Oggi, in un’attività come quella di Evolution Travel  il Web rappresenta quel furgone che usavo io una volta, con la differenza che oggi trasposta i clienti da noi e sono loro a suonare il nostro campanello per chiederci di vendergli ciò che gli serve e mi viene da ridere quando sento che fra questi ci sarebbero dei perditempo!! In realtà penso che siamo noi, molte volte, a far perdere loro del tempo prezioso! Comunque, anche se il web e il telefono ti mettono al sicuro da pomodori e possibili pistolettate, c’è sempre in agguato la paura! Paura di essere rifiutati, di perdere tempo, di non essere all’altezza, ecc…!

Come si vince la paura? Nel modo più banale e semplice, talmente semplice da non essere preso nemmeno in considerazione, ossia con l’AZIONE!!! Alza quel braccio e afferra il telefono e digita il numero. E più velocemente lo si fa, senza pensarci, meno paura si prova, anzi più lo si fa, più diventa un’abitudine! Naturalmente vendere è l’unico lavoro al mondo in cui si è pagati per sentirsi dire NO la maggior parte del tempo! Bisogna essere preparati a questo!

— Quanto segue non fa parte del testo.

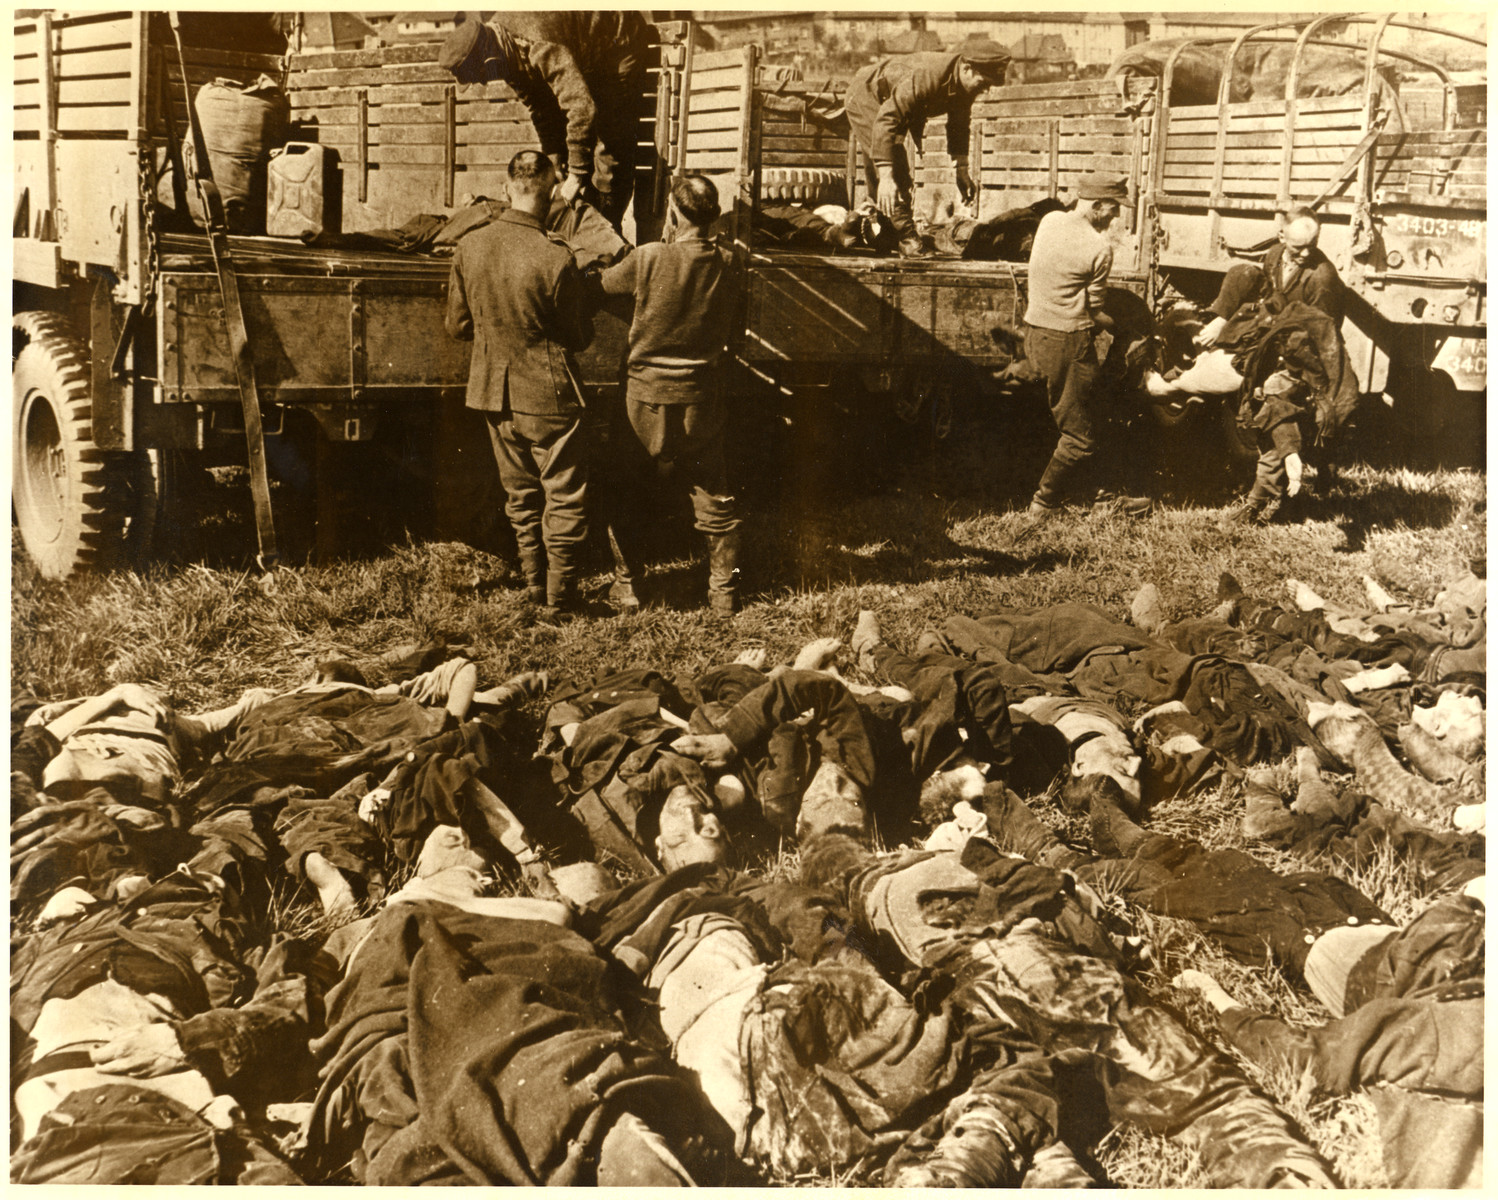 German POWs prepare to bury the bodies of 200 Soviet prisoners who perished in the Hemer POW camp.

Si, la chiave del successo è la preparazione, tu sei preparato? Se non ti senti sicuro, se non hai fiducia in te stesso, vuol dire che non sei preparato sufficientemente e allora PREPARATI per bene e AGISCI! Leggi libri sulla vendita, guardati dei videocorsi, frequenta chi sa già vendere e fai esattamente ciò che queste persone fanno!

E’ così semplice da non sembrare vero? E’ questo che stai pensando in questo momento? Fermati un attimo e pensaci bene, chi è che te lo sta dicendo? E’ forse la tua vocina interna? Eh eh eh..:) eh sì, è proprio lei e allora dalle anche tu due possibilità: “Cara vocina o te ne stai zitta e muta o mi dai una mano e mi aiuti ad aver coraggio”!

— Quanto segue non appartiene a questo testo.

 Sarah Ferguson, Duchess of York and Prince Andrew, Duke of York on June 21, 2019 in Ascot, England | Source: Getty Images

Se hai un’attività commerciale devi prepararti bene, leggi libri, segui videocorsi e corsi dal vivo, frequenta persone che ottengono risultati! Oggi il mercato è molto competitivo e devi essere preparato! Hai idea della preparazione che un tennista deve seguire per andare a fare una torneo? La sua attività è il tennis, la tua è un’altra, ma è sempre un’attività e la vita, che piaccia oppure no, è una continua competizione: se provi passione per ciò che fai ti sarà facile e ti divertirai!

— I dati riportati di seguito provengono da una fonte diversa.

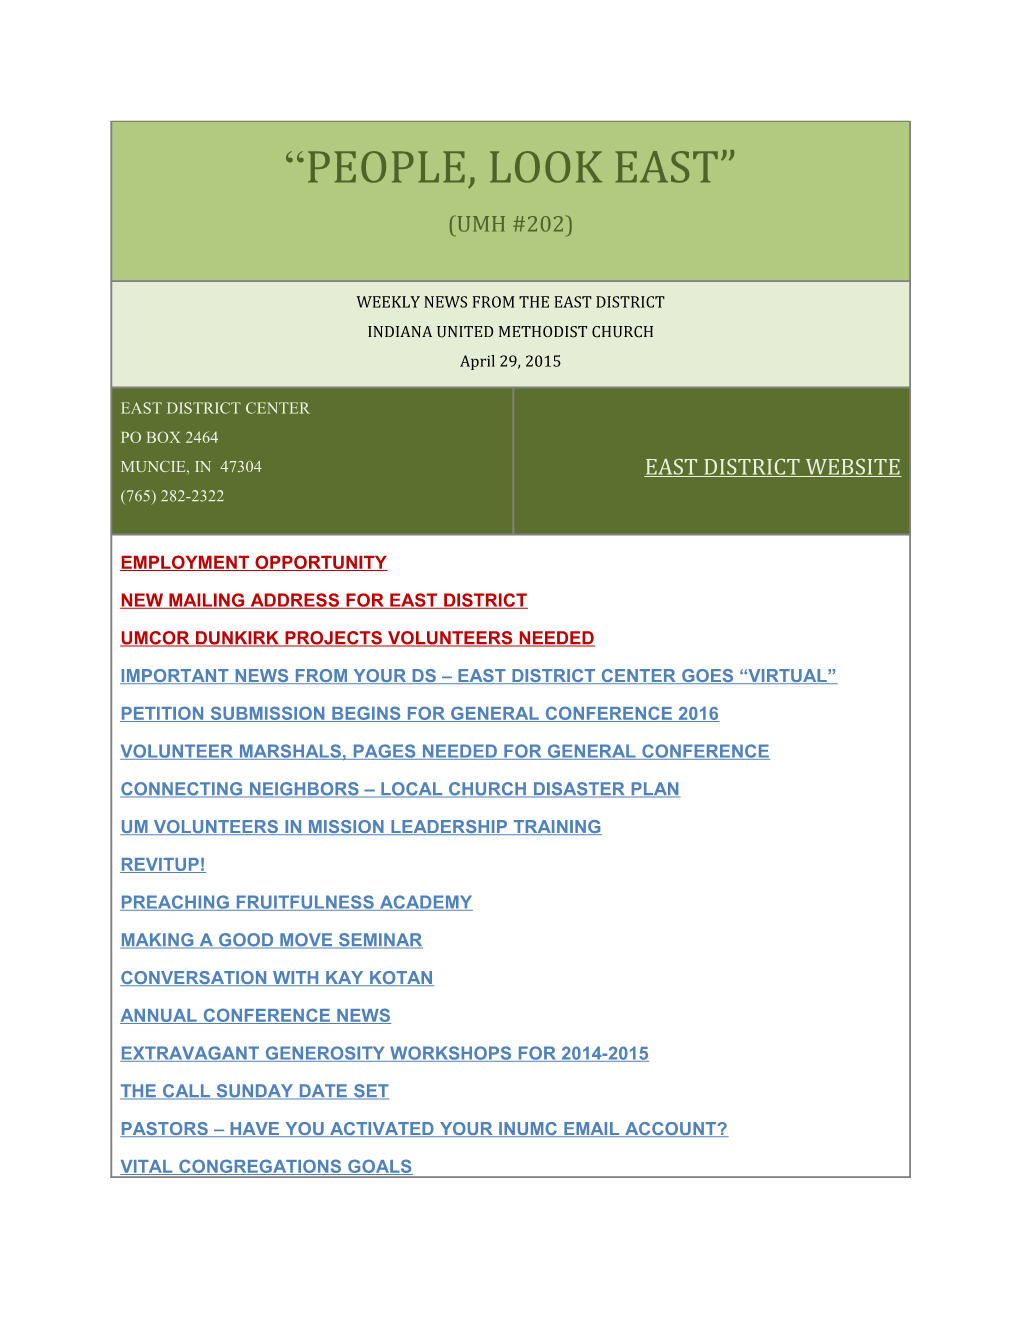 New Mailing Address for East District

Preparati e agisci, agisci e preparati! L’azione e la preparazione vincono sempre sull’inerzia!

Nessuna frase più vera di quella di J.W. Goethe: “Un giorno la paura bussò alla porta. Il coraggio andò ad aprire e non c’era più nessuno!”

  21Commenti

  1. Federico Rizzo   •  

    ci sei tornato dalla signora^

  2. Luca Baldisserotto   •     Autore

    Certo e mi ha anche presentato i vicini di casa, ne è valsa la pena:)

  3. Valeria   •  

    Beh Luca rispetot la tua opinione ma converrai che è difficile considerare come cliente prospect chi non mette il telefono oppure indica quello di uno sconosciuto…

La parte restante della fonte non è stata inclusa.